Data provided =>
=== Section Start ===

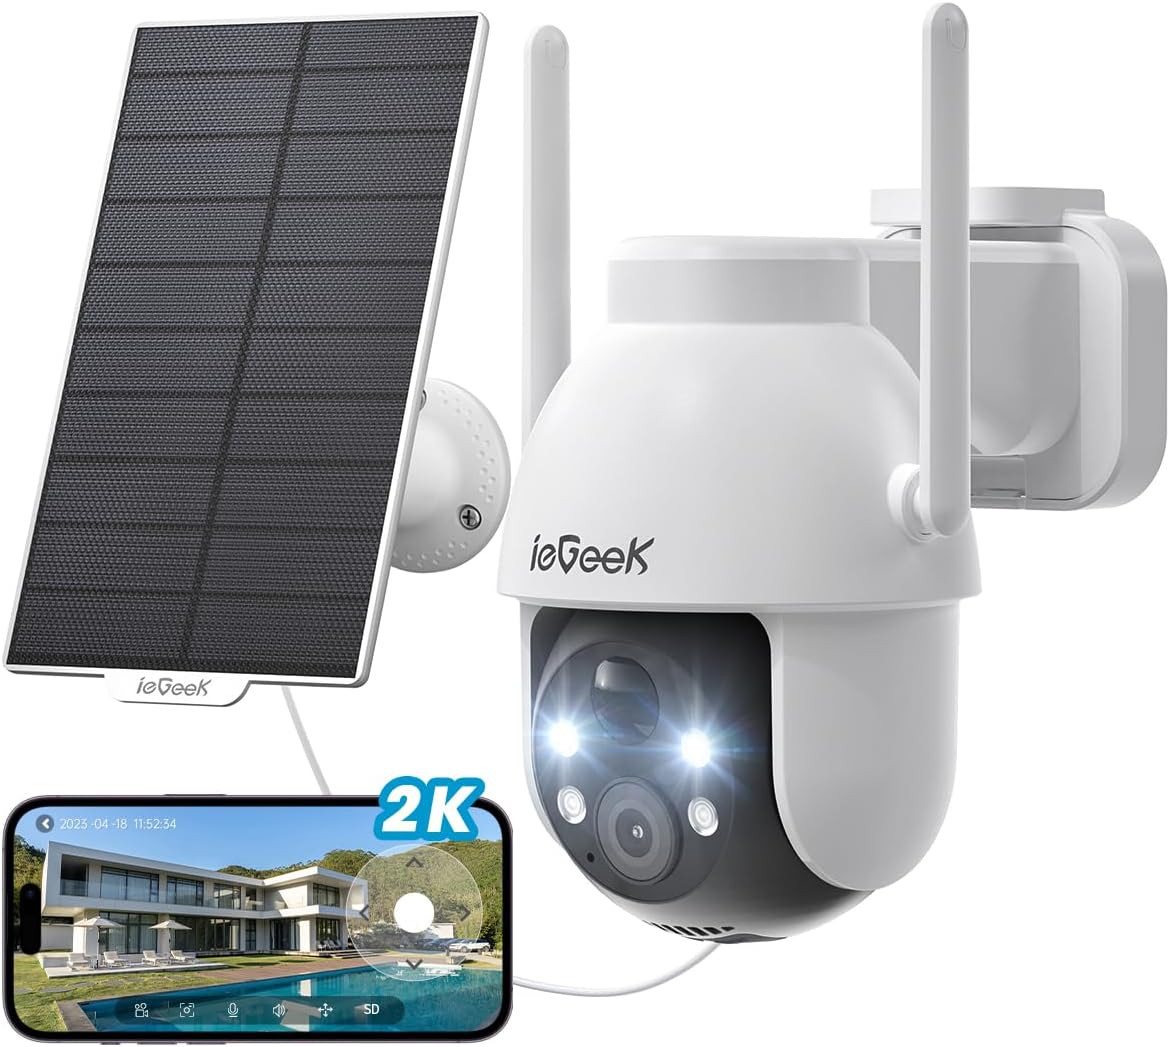 ieGeek 2K 3MP HD Überwachungskamera Aussen Solar 360° PTZ 2.4GHz WLAN Überwachungskamera (Aussen, Außenbereich, 360° PTZ Überwachungskamera Aussen Akku,Farb-Nachtsicht, 1-tlg., mit PIR Bewegungsmelder,2-Wege-Audio, Cloud/SD Storage, IP65, unterstützt 24/7-Aufnahme, 4 Facher Zoom) von ieGeek
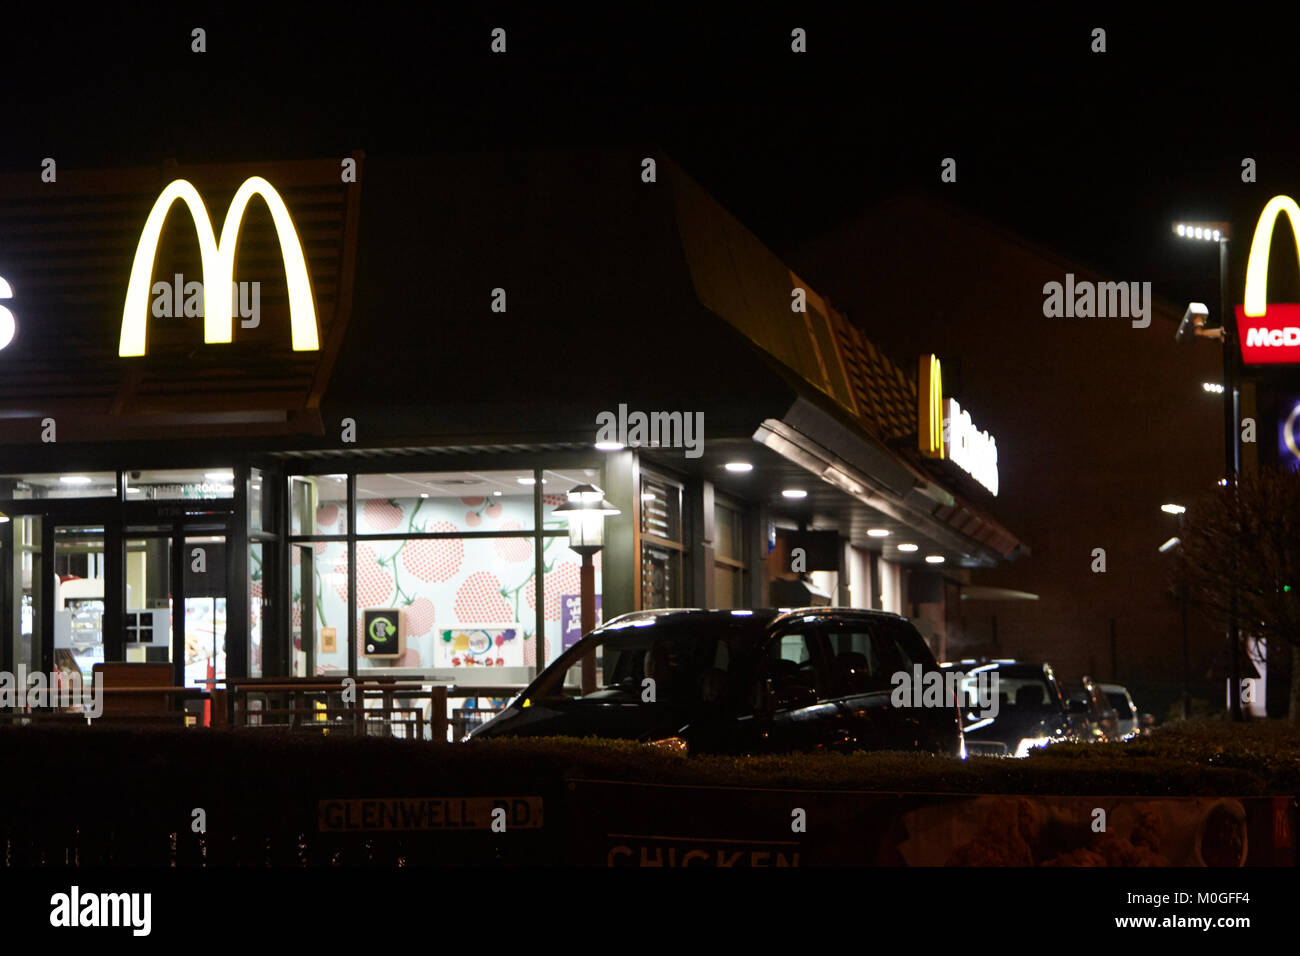 Mcdonalds Restaurant fahren Sie durch in der Nacht in der Uk Stockfoto
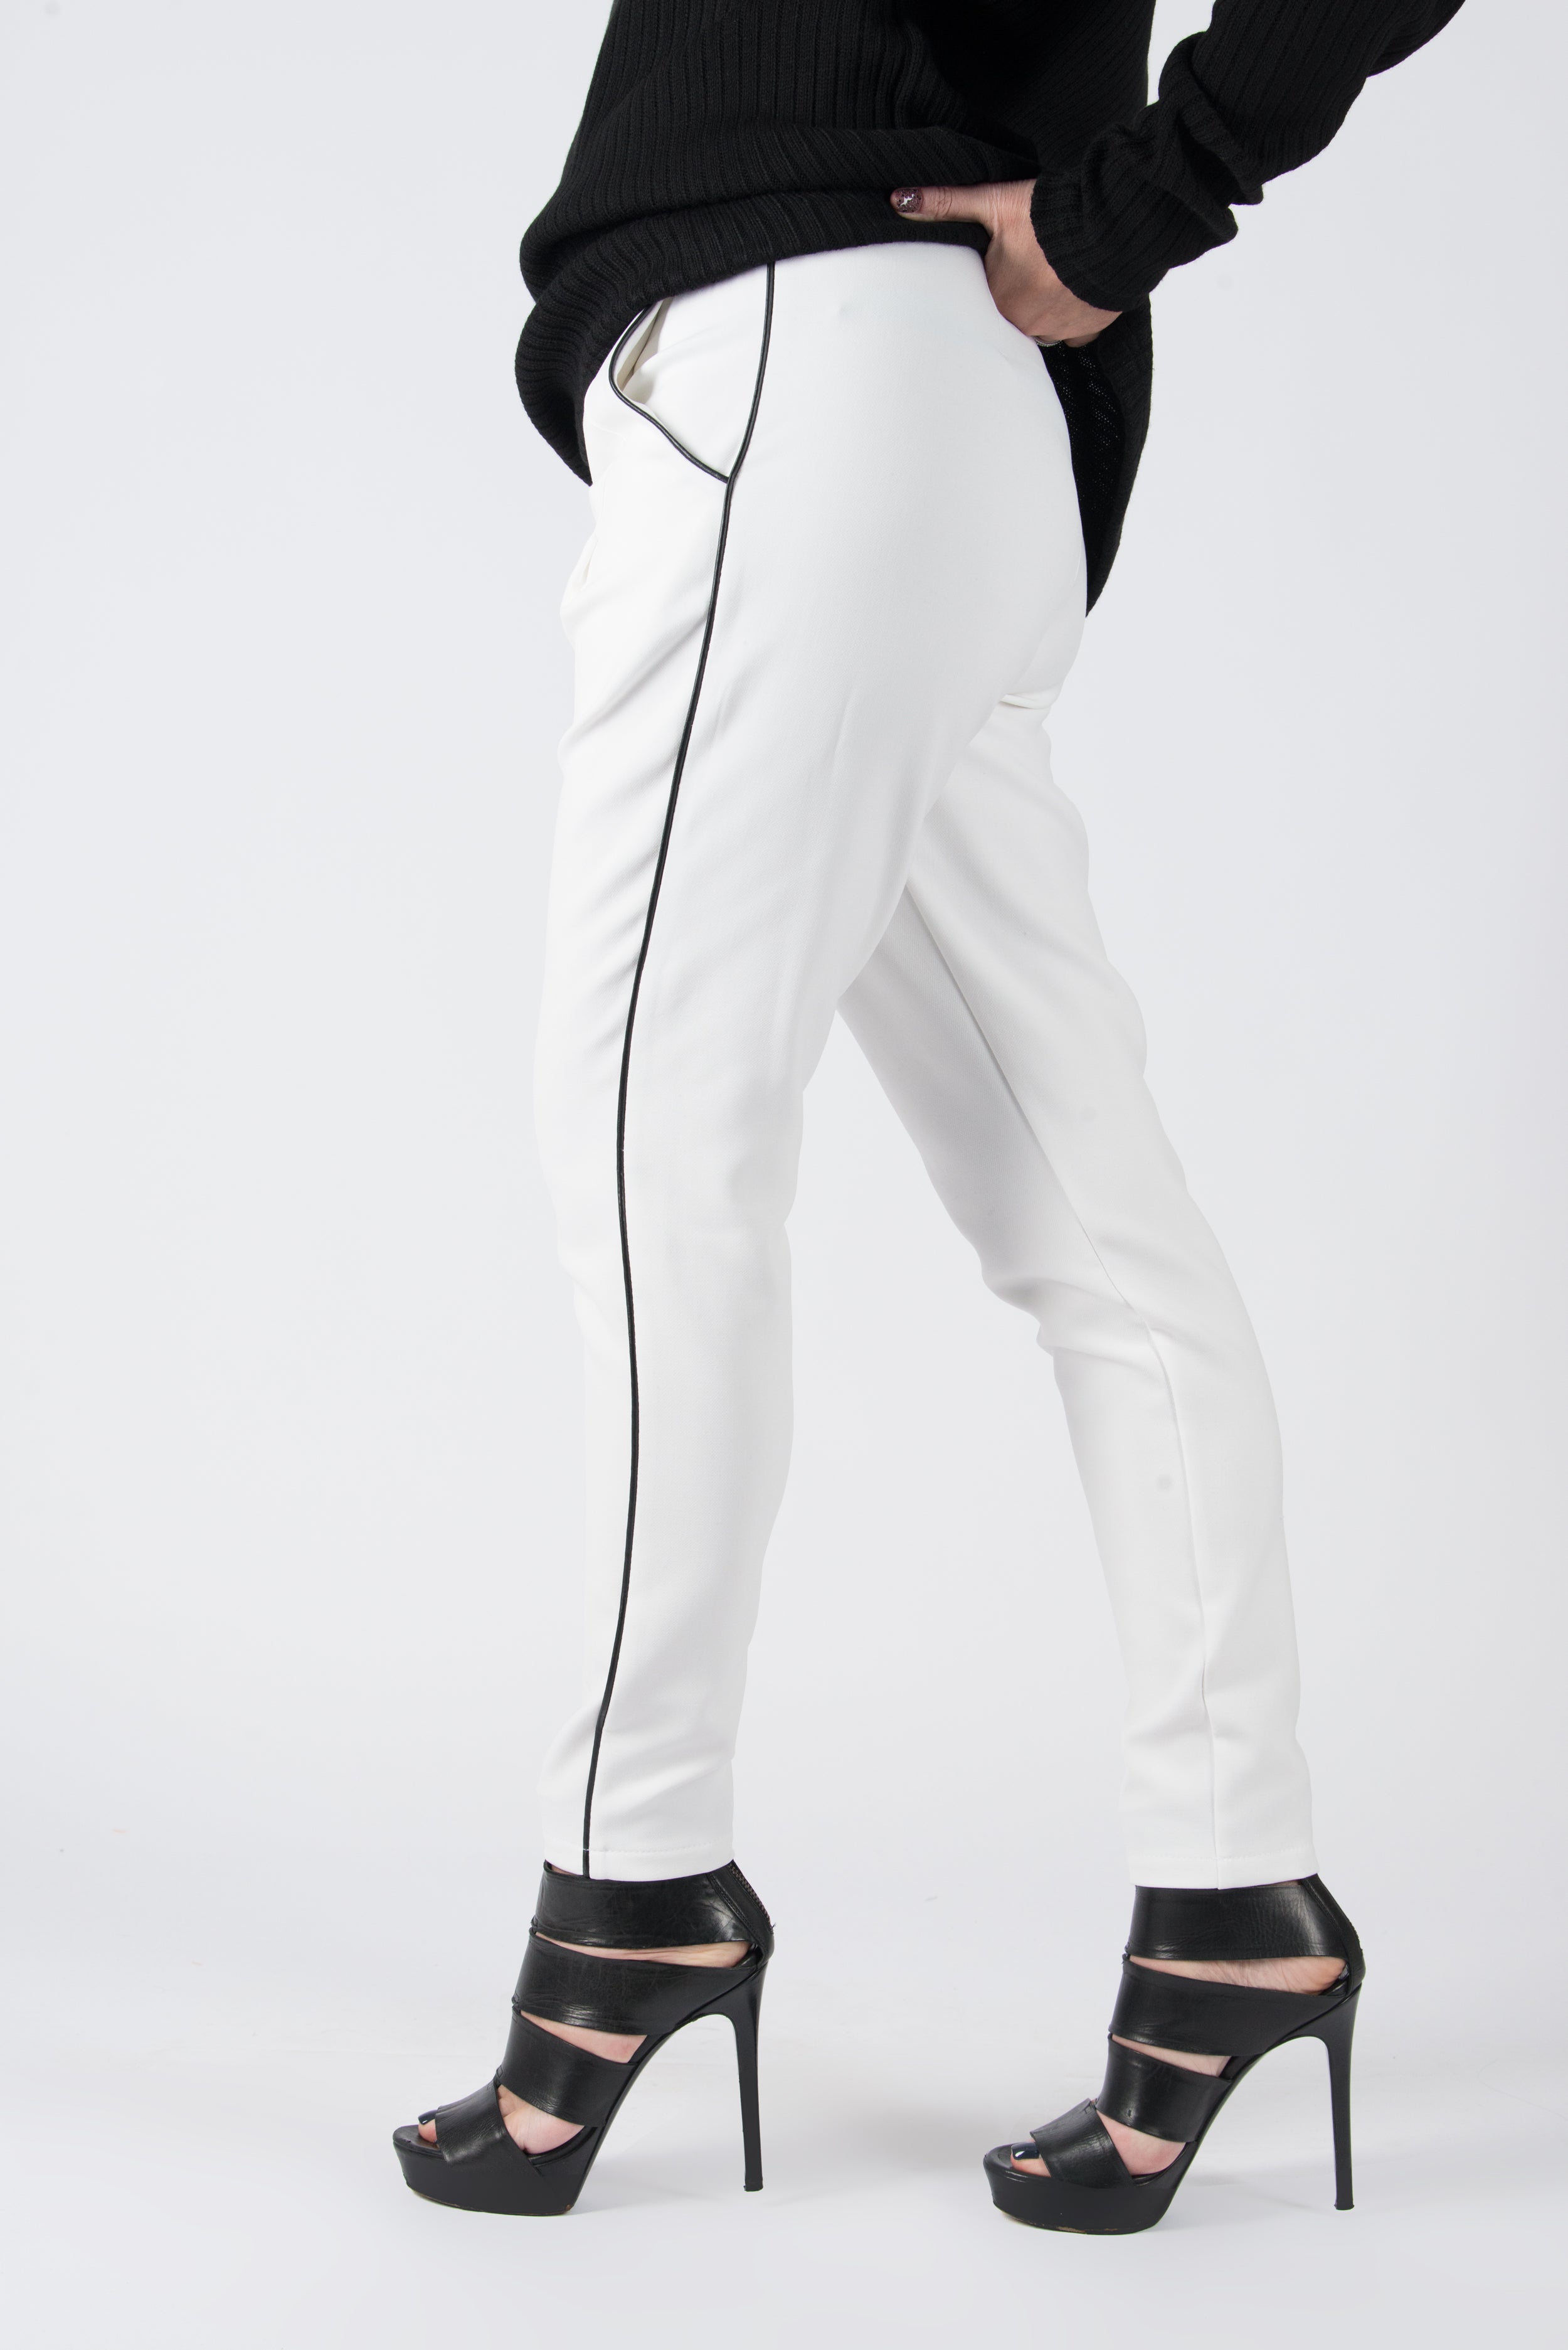 White Tight Pants, White Elegant leggings, New Arrival

=== Section End ===

What you need to do =>
Only the lines from the one with "Mcdonalds Restaurant fahren" through the last line of the listing belong in your answer; copy them exactly and skip the pictures.

Answer to the exercise =>
 Mcdonalds Restaurant fahren Sie durch in der Nacht in der Uk Stockfoto
 White Tight Pants, White Elegant leggings, New Arrival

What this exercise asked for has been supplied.